— BRIEF —
Take the material below and reproduce, word for word, only the lines from the line with "Algeri. Conquista di" through the line with "diyarbakır iftar mekanları".

— RECORDED INFORMATION —
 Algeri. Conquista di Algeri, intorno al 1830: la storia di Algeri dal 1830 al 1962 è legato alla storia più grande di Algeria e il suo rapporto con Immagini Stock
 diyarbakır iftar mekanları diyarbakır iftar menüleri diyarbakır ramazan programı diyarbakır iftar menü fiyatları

==

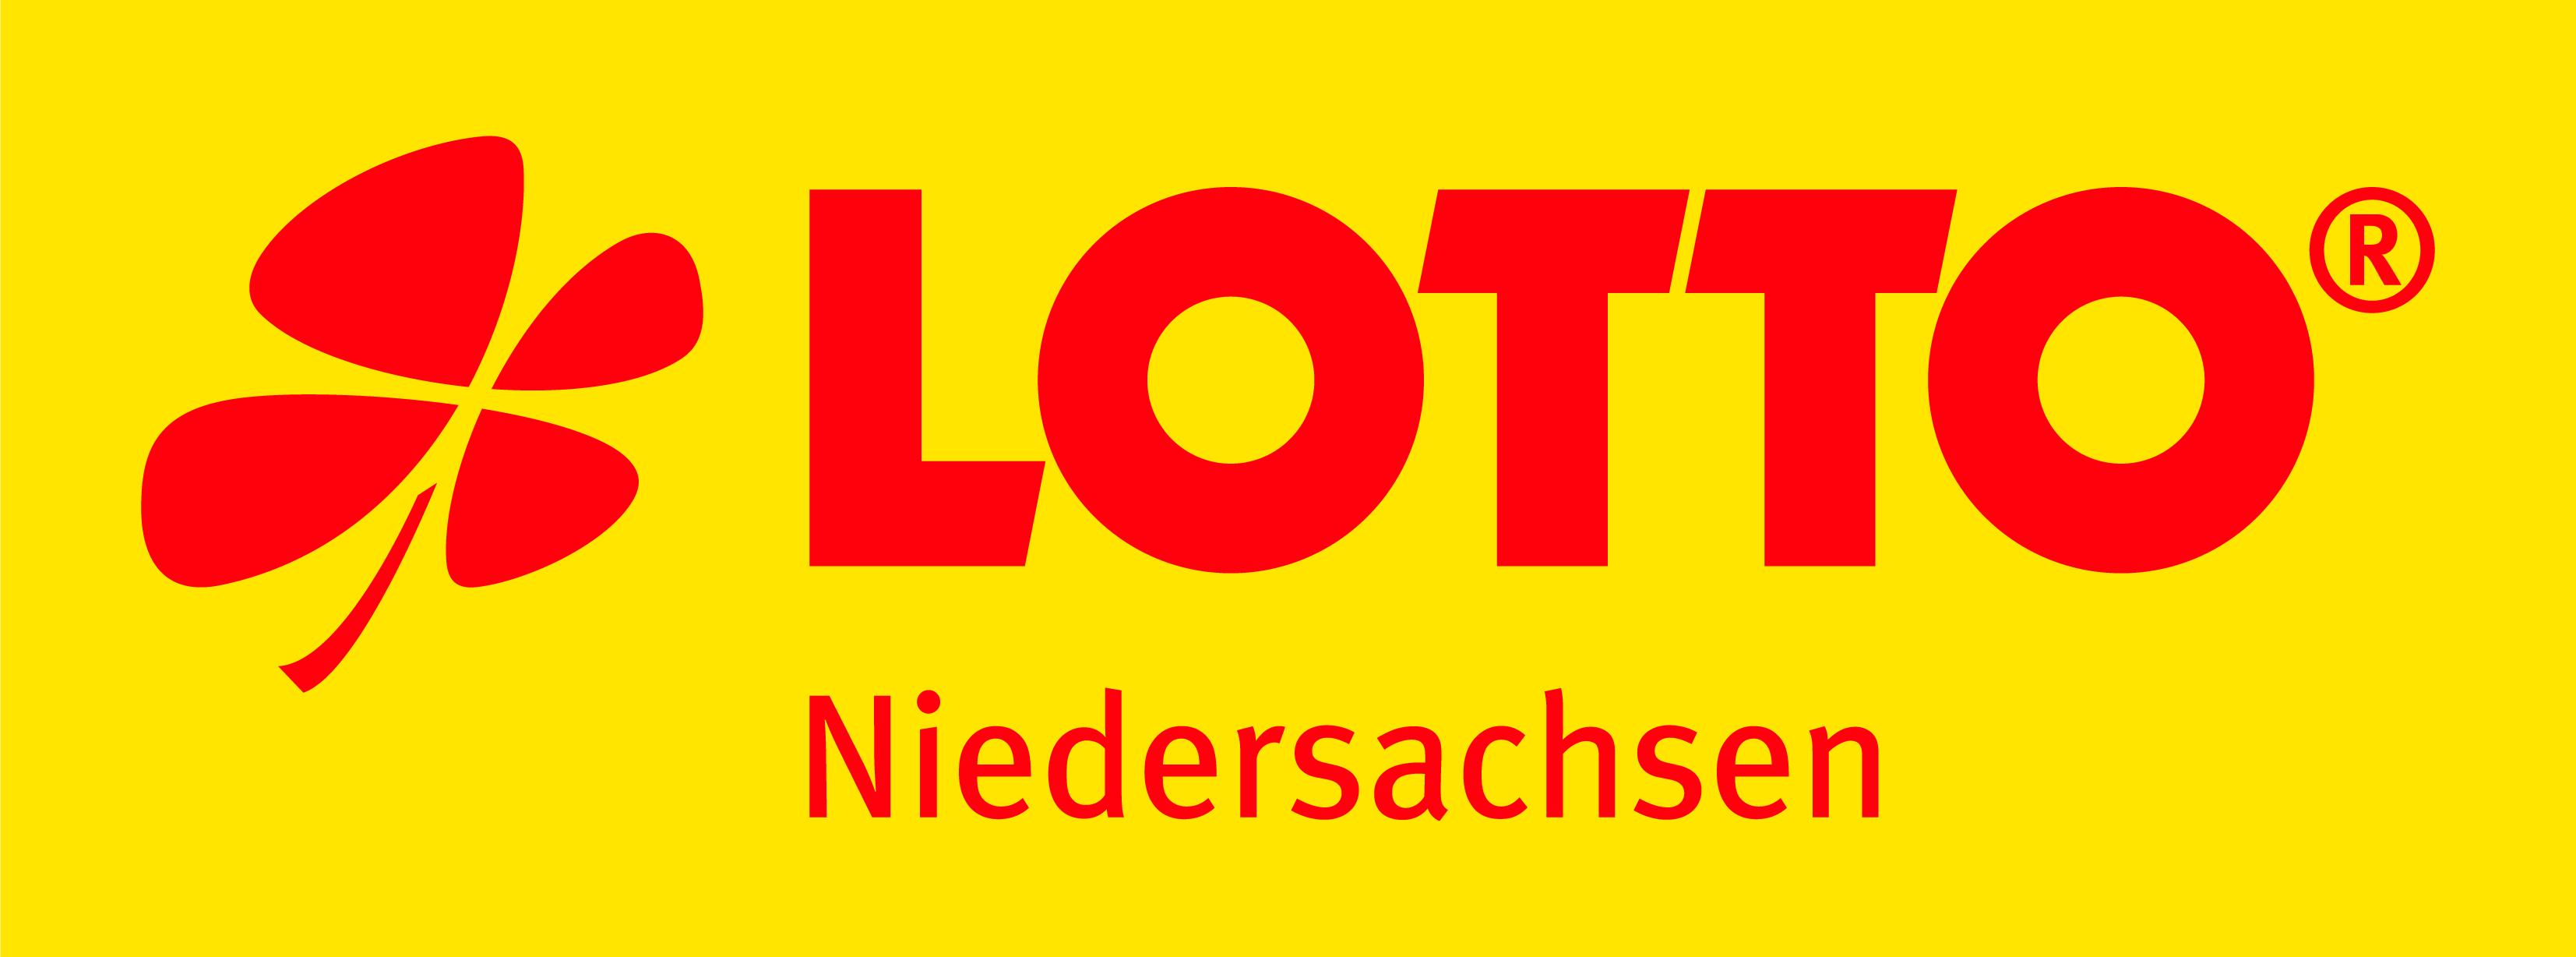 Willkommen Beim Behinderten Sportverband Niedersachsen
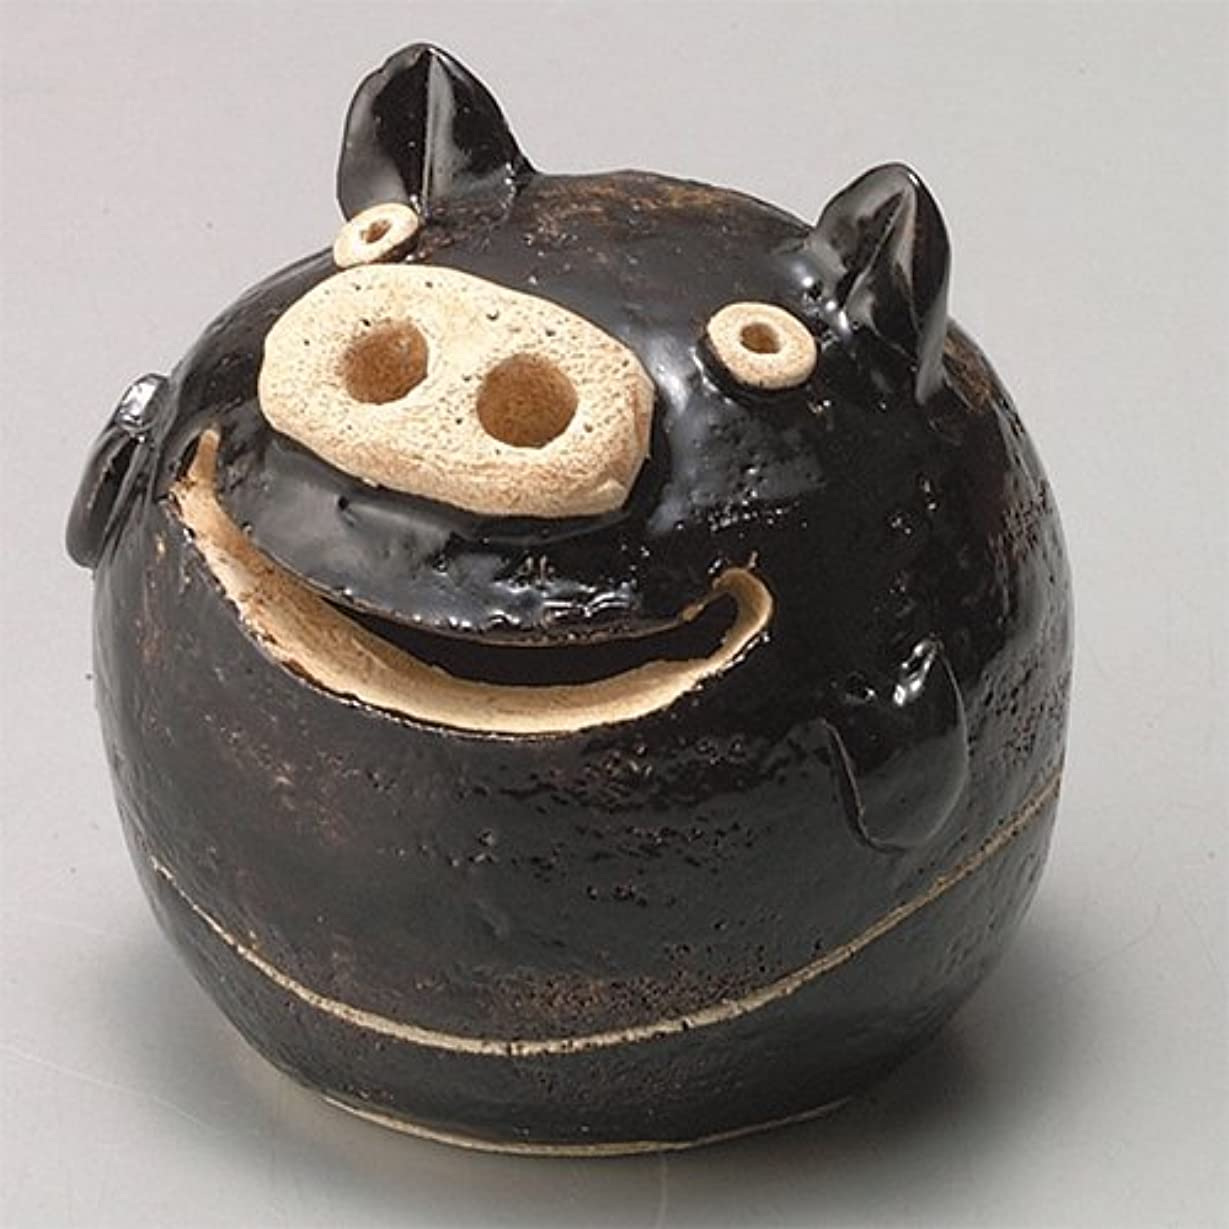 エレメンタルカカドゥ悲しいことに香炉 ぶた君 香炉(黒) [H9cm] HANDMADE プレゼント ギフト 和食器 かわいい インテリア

— THE COMPLETED TASK —
 Algeri. Conquista di Algeri, intorno al 1830: la storia di Algeri dal 1830 al 1962 è legato alla storia più grande di Algeria e il suo rapporto con Immagini Stock
 diyarbakır iftar mekanları diyarbakır iftar menüleri diyarbakır ramazan programı diyarbakır iftar menü fiyatları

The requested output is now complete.